SEC issues multiple whistleblower awards, including award based on DOJ agreement
On February 23, the SEC announced a more than $9.2 million award to a whistleblower whose information and assistance led to successful related DOJ actions. This marks the first SEC whistleblower award based on a DOJ non-prosecution agreement or deferred prosecution agreement since amendments to the SEC’s whistleblower program rules took effect last December (covered by InfoBytes here). The SEC noted that the whistleblower was previously awarded for his contributions to a successful SEC enforcement action based on the same information that supported the DOJ’s actions, which is a prerequisite in order to be eligible for a related-action award. According to the redacted order, the whistleblower provided significant, original information to the SEC about an ongoing fraud that “enabled a large amount of money to be returned to investors harmed by the fraud.” The SEC provided the information to the DOJ, noting that the whistleblower provided significant assistance by traveling at the whistleblower’s own expense to be interviewed by DOJ.

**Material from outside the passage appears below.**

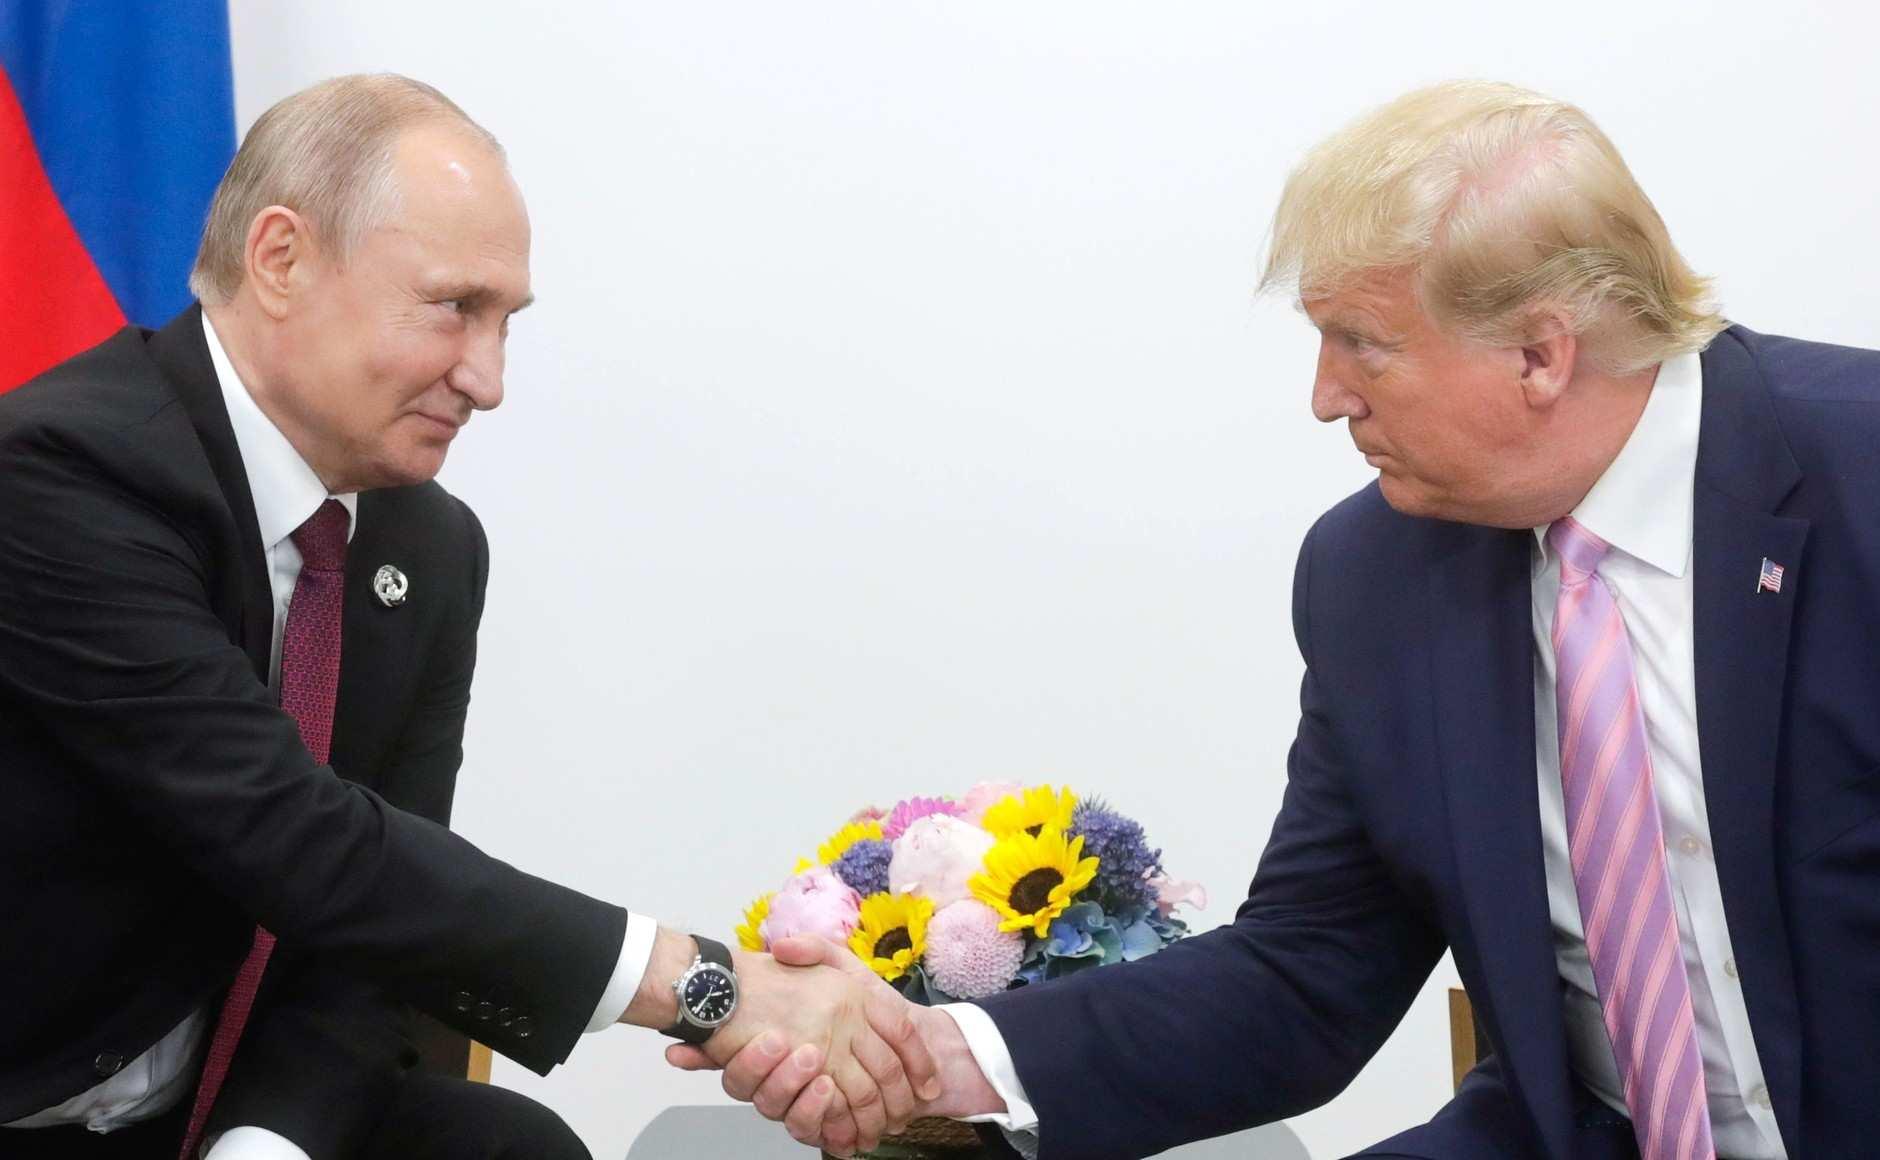 СРОЧНО: Трамп рассказал оликвидации главаря ИГИЛ ипоблагодарил Россию (ФОТО, ВИДЕО) | Русская весна

Earlier on February 19, the SEC announced whistleblower awards totaling nearly $3 million in two separate enforcement actions. According to the first redacted order, the SEC awarded a whistleblower over $2.2 million for providing original information that significantly contributed to the investigation and resulted in the “return of millions of dollars to harmed clients.” According to the SEC, the whistleblower also “took personal and professional risks by raising concerns internally in an effort to remedy the misconduct.”
In the second redacted order, the SEC awarded a whistleblower nearly $700,000 for alerting Commission staff to a fraudulent reporting scheme, which prompted the opening of an investigation. The SEC noted that the whistleblower voluntarily provided critical documents and information to Commission staff, helped identify key documents and witnesses, thus conserving SEC time and resources, and “internally raised concerns about the perceived conduct in an effort to remedy the violations.”
The SEC has now paid approximately $750 million to 136 individuals since the inception of the program in 2012.